Nueterra Welcomes Big Growth
Kansas City Business Journal
Nueterra Healthcare LLC has gone from zero to three in 18 months.
If that doesn't sound like much, consider that growth represents the number of multimillion-dollar deals the Leawood-based company has put together through its new Community Hospital Division.
"That is pretty aggressive," division President Mike McCoy said. "We are pretty proud of that – and there are more to come."
Nueterra expects the division to account for about a third of the company's revenue within the next three years. The company does not disclose revenue.
Great Bend Regional Hospital, an expansion of an earlier Nueterra project in Great Bend, Kan., is expected to open next month. Two hospitals the company is developing for Methodist Health System in suburban Dallas are expected to open in 2010. And McCoy said Nueterra also has other projects in the pipeline.
The company traces its roots to an initial outpatient surgery facility in Dodge City in 1989. It relocated to the Kansas City area in 1998, a year after the formation of Nueterra Healthcare.
Nueterra's core business has been the development, construction and management of ambulatory surgical centers and surgical hospitals, with physician investors as partners. Typical services at the surgical centers include hip and knee replacements, general surgery procedures, such as appendectomies, along with gynecology and ear-nose-and-throat services.
McCoy said it was a logical progression for the company to expand into the hospital market.
Methodist Health System's $38 million hospital in McKinney, Texas, will serve as the general hospital in a master-planned community, said Michael Arvin, senior vice president and chief development officer of the system.
Arvin said the $60 million Methodist Hospital for Surgery in Addison will provide highly specialized spine and joint surgery. A groundbreaking for the hospital was scheduled for June 3.
Methodist is a decades-old nonprofit health system with full-service acute-care hospitals and a network of community clinics, Arvin said. Nueterra's expertise in smaller, targeted facilities is helping the system expand into the rapidly growing bedroom communities north of Dallas.
Methodist has been "absolutely thrilled" with its partnership with Nueterra, Arvin said.
Dr.

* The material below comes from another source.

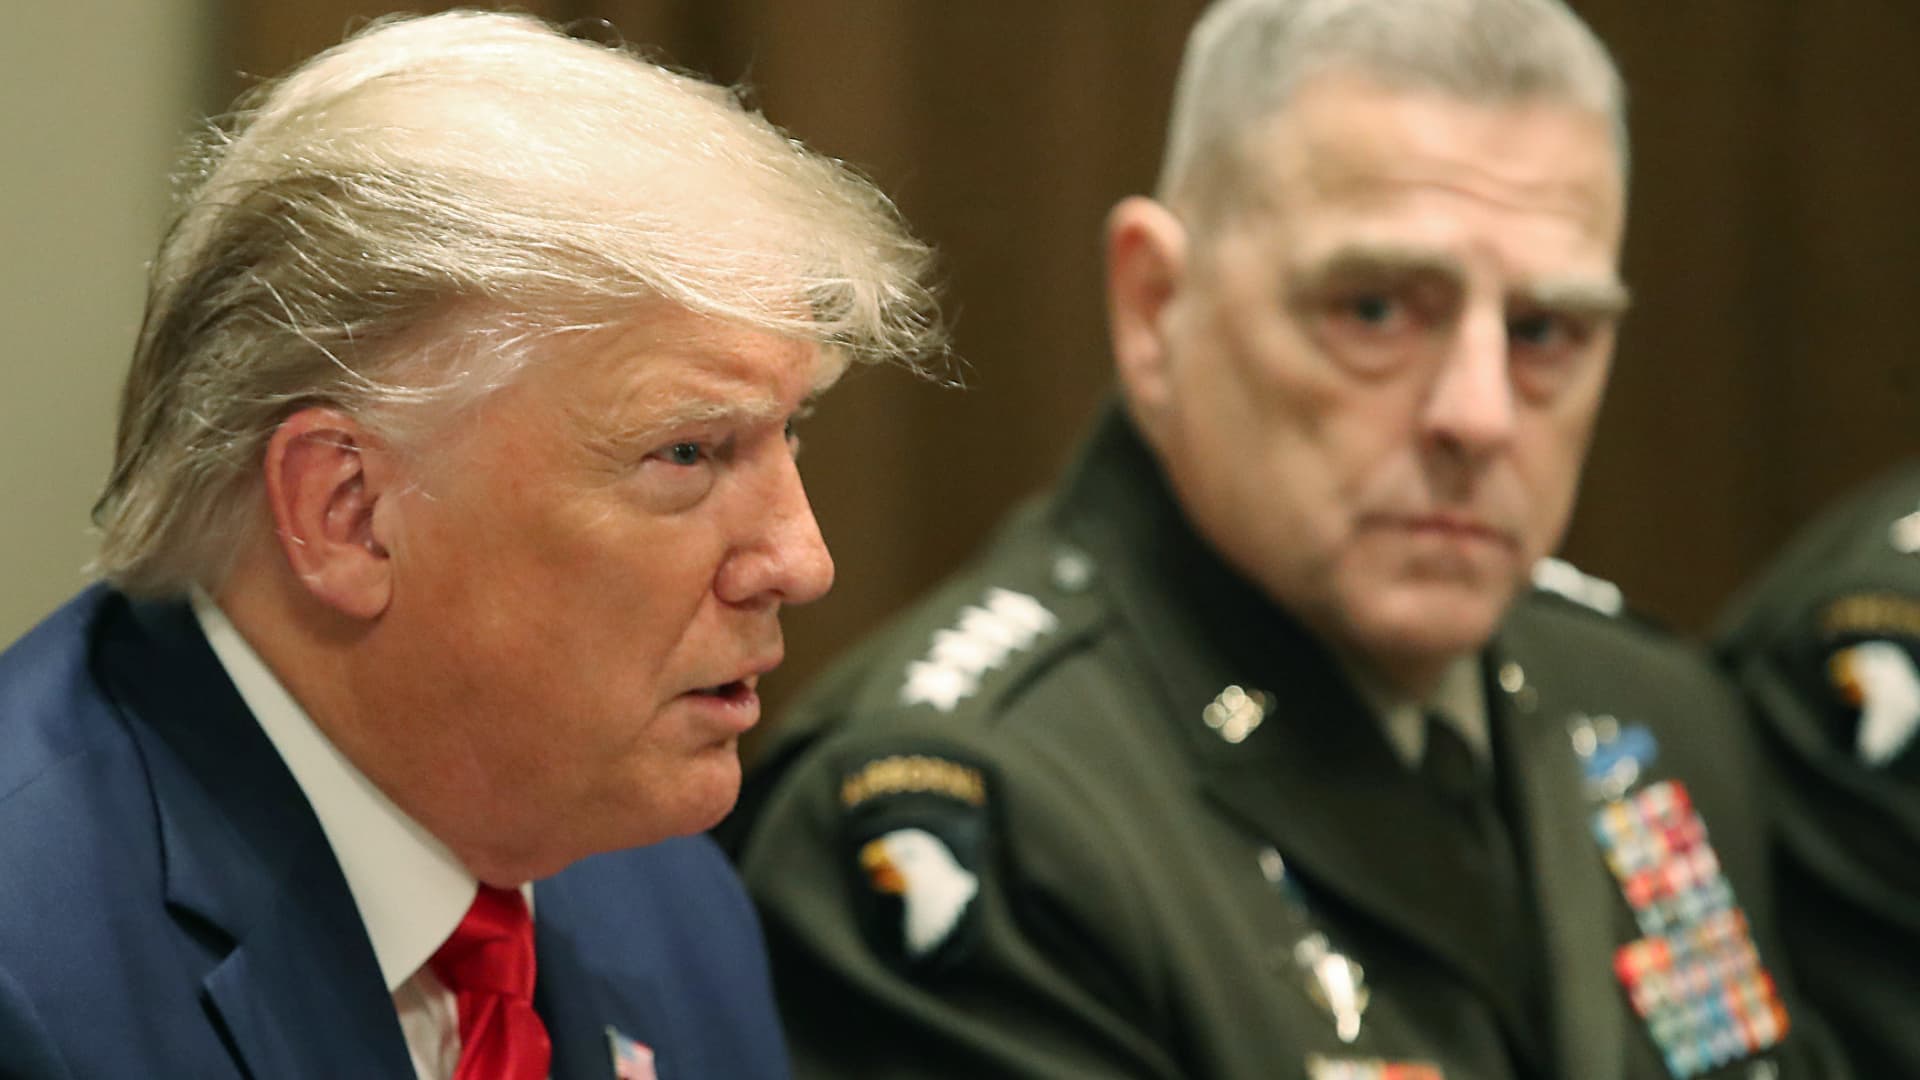 President Donald Trump speaks as Joint Chiefs of Staff Chairman, Army Gen. Mark Milley looks on after getting a briefing from senior military leaders in the Cabinet Room at the White House on October 7, 2019 in Washington, DC.

Ted Epperly, however, is not enamored with the business model of Nueterra's hospitals or other facilities.
Physician investment can create a conflict of interest because these doctors might have a financial incentive to refer patients for services, said Epperly, president of the Leawood-based American Academy of Family Physicians.

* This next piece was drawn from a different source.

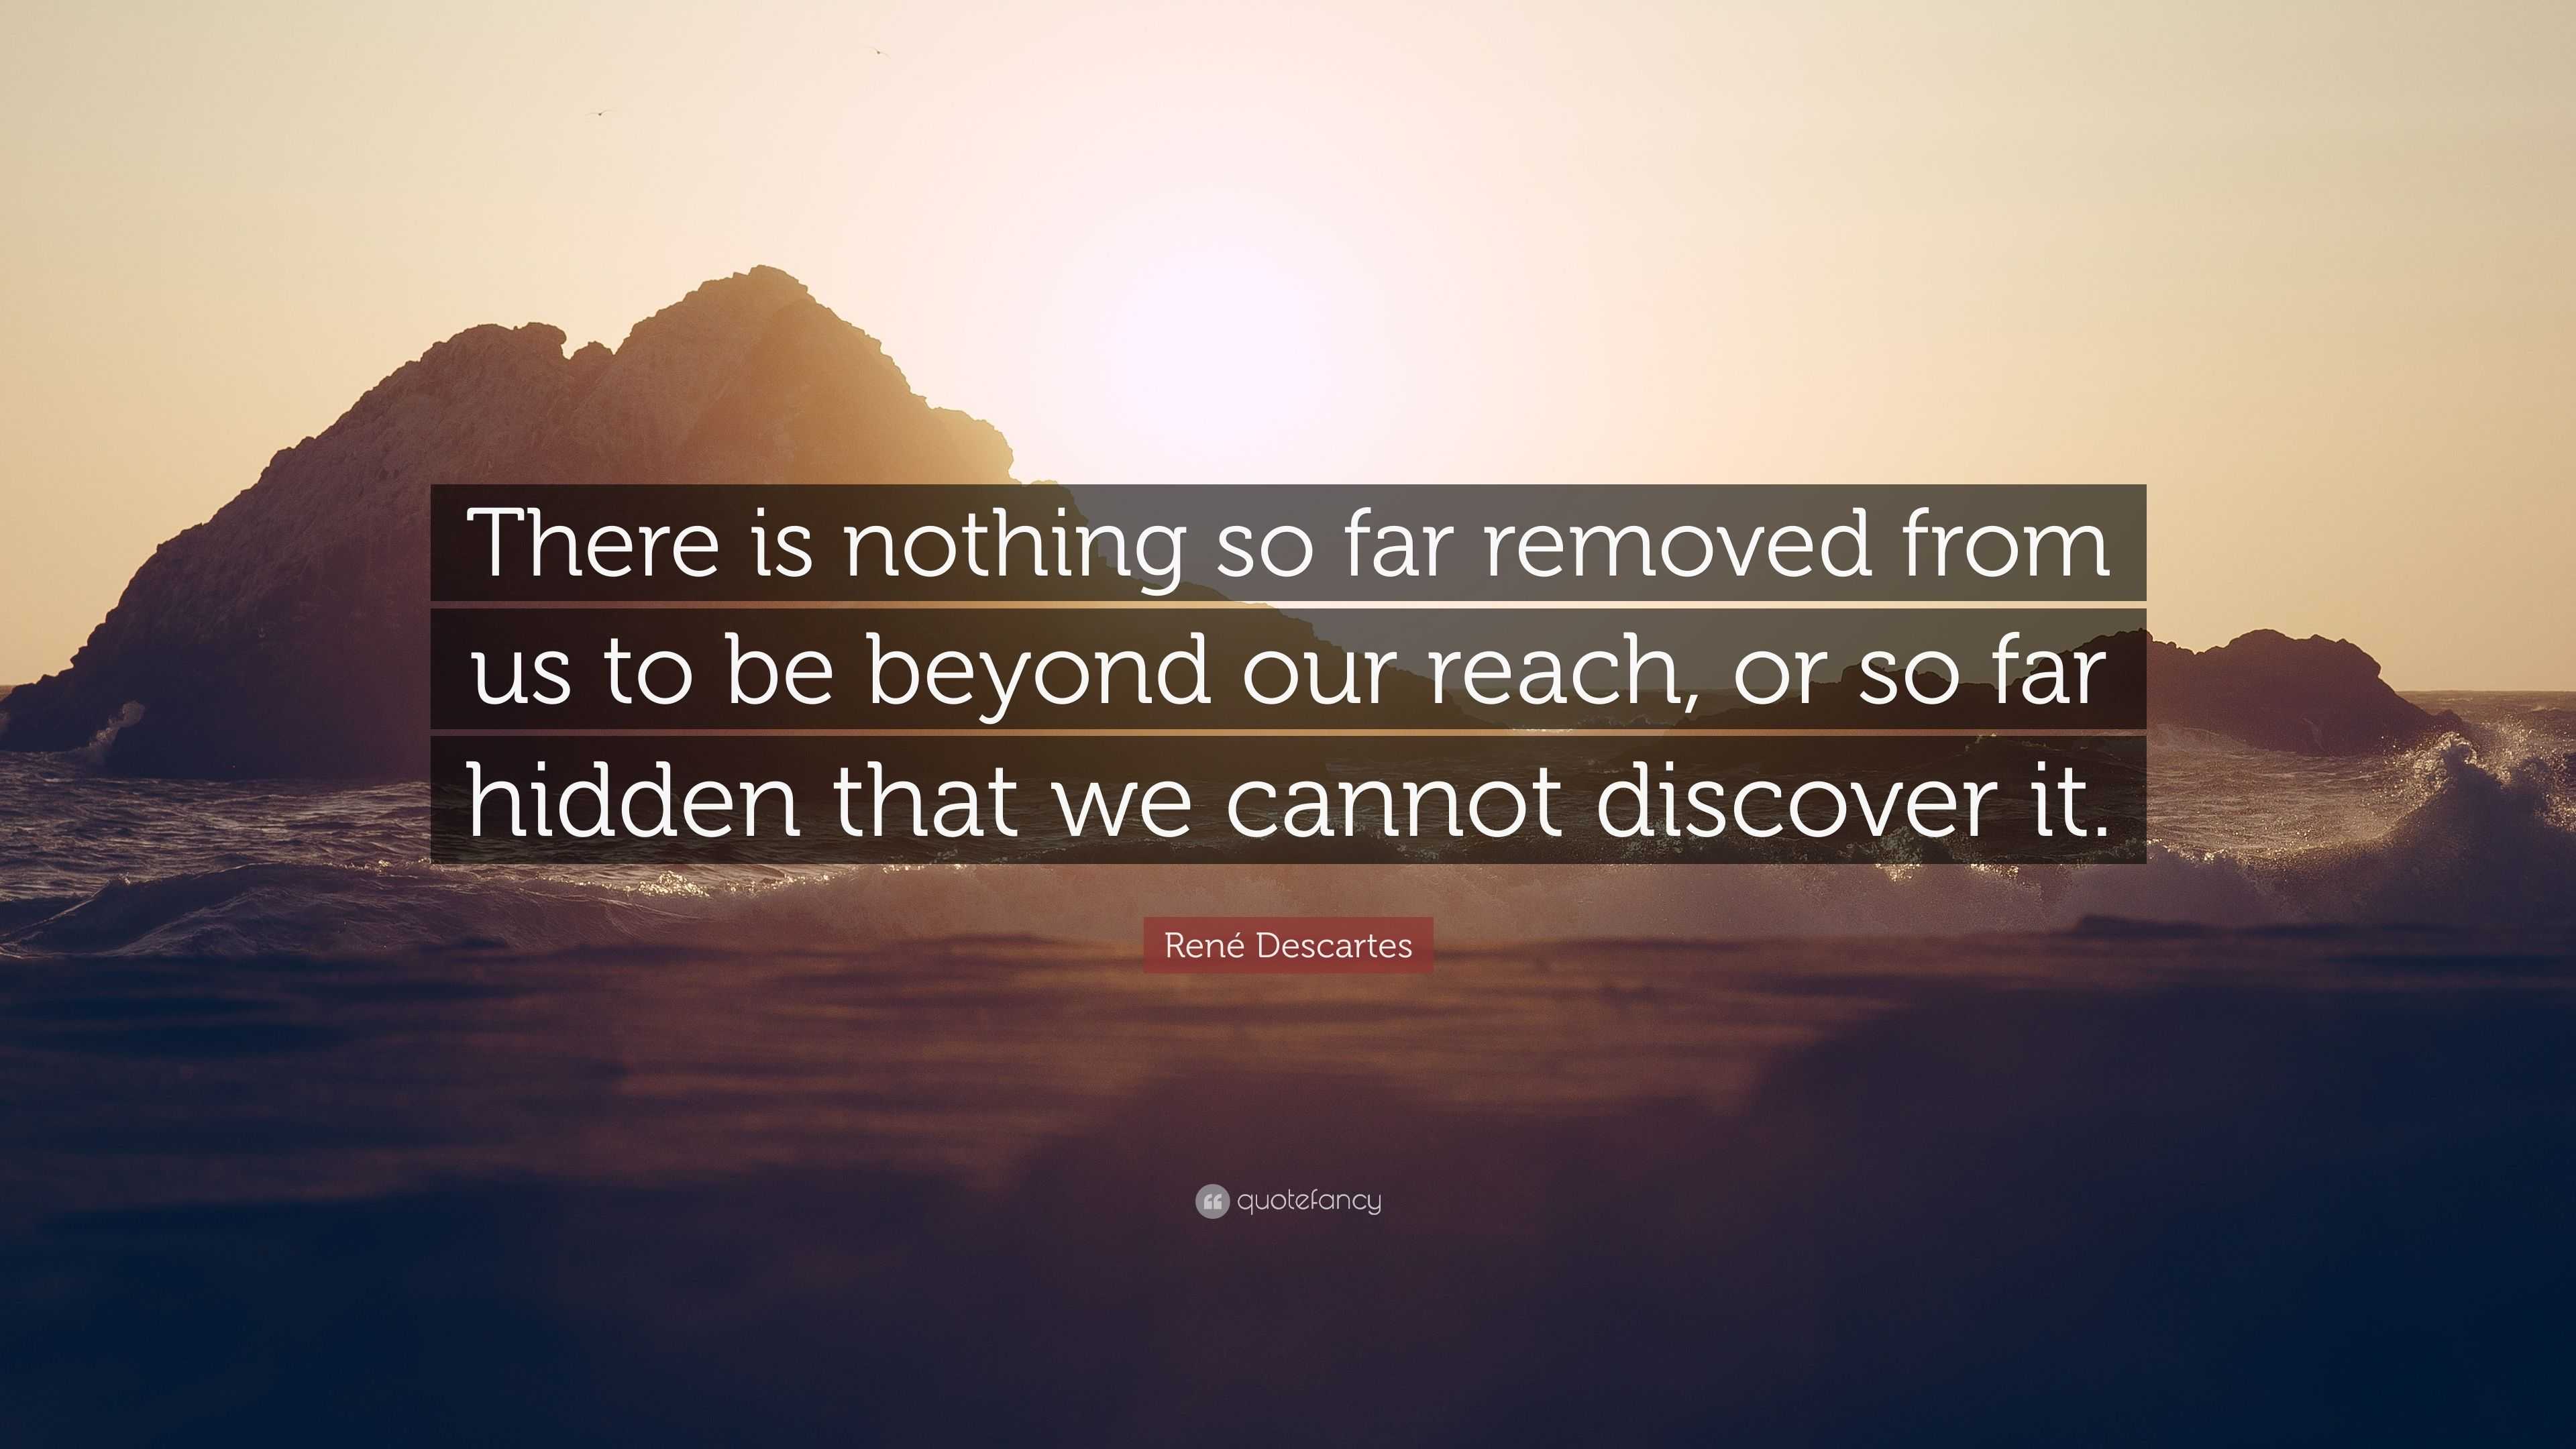 René Descartes Quote: “There is nothing so far removed from us to be ...

Similarly, he said, these doctors could refer well-off patients to their facility while the remainder go to the established local hospital. This lost revenue can hinder those hospitals' abilities to provide needed services, such as mental health care and social work, Epperly said.
"As family doctors," he said, "we get concerned when we see a model like this because of what it means to other aspects of health care that need to go on."
McCoy said Nueterra simply builds facilities where a community or physicians express a need for more services.
In Methodist Health System's case, Arvin said, expansion into the suburbs will generate revenue for continued service within its established service area in south Dallas, which is not as affluent.
Plus, he said, physician ownership gives the doctors more say in the delivery of care.
"And that, at the end of the day, is really what they want," Arvin said.
© 2009 American City Business Journals, Inc.